Por qué siempre whatsapp, se pregunta. Por qué ya nadie se toma el
trabajo de hacer una llamada. Ni ella misma. Para protegernos del otro,
claro. De la voz ajena, que siempre intimida. O de la aburrición que nos
causan los saludos formales, los detalles, los preámbulos y los epílogos. Y
sin embargo, aun en esa forma simplísima que crea el lenguaje de whatsapp
podemos percibir tonos y estilos. Su hermana, por ejemplo, se expresa a
través de preguntas: cómo amaneció, qué va a hacer hoy, ya habló con papá,
dónde puedo comprar arándanos. Pero también suele contar tragedias: una
muerte, un accidente, un robo en su edificio, la enfermedad de algún
pariente, de un cantante, de un político. En Bogotá o en Hong Kong.

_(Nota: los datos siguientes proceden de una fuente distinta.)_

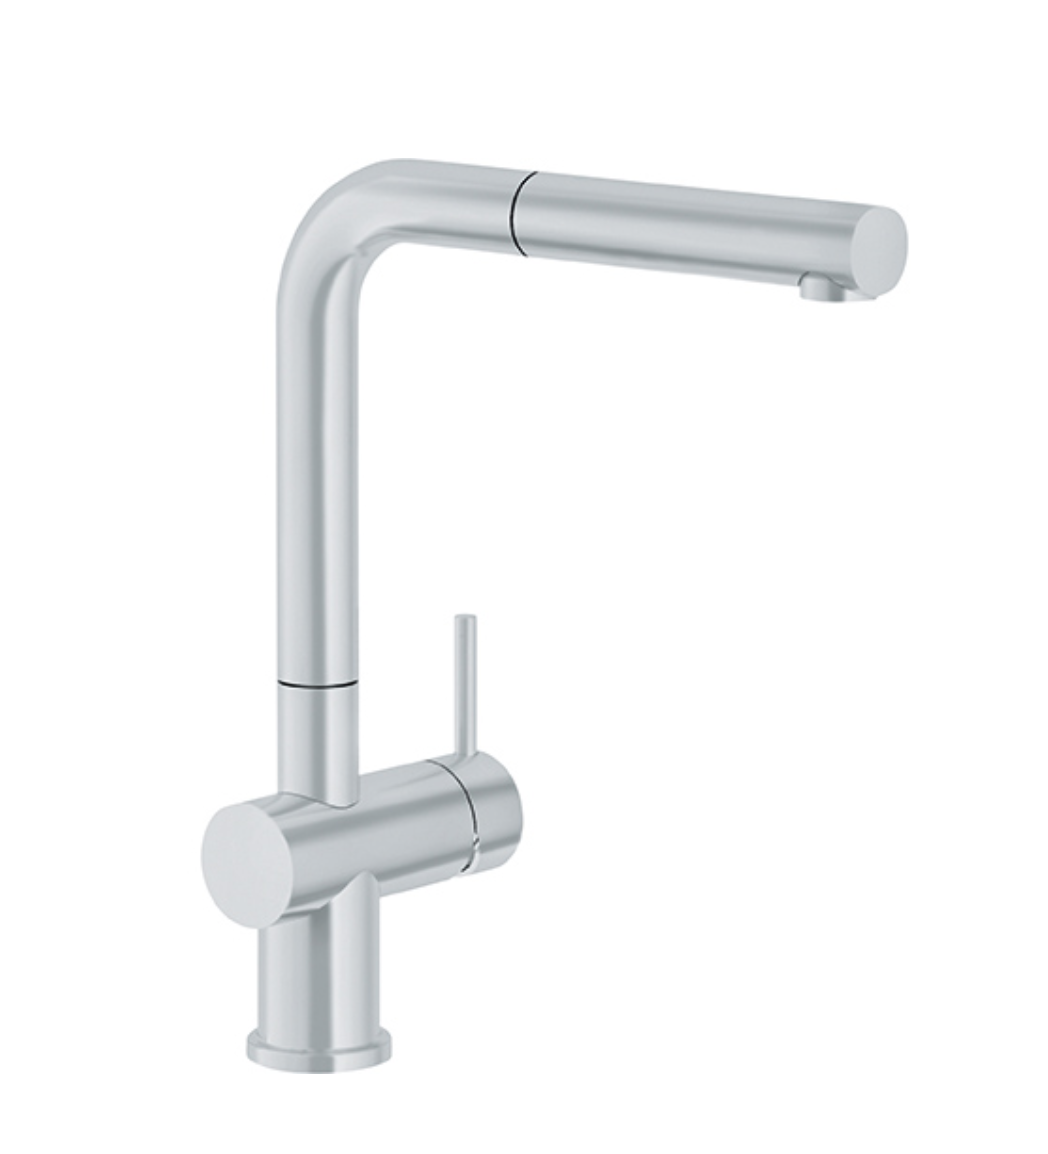 The Franke Active Plus utility faucet.

Historias divertidas, pero no para su hermana, que a veces las cuenta a
grosso modo, pero a veces incluye detalles sentimentales, deteniéndose en
ellos. Porque para su hermana la compasión es la atalaya desde la que mira
a su alrededor. Podría decirse que sólo simpatiza con alguien si existe la
posibilidad de que le cause lástima. Los demás son canallas en potencia.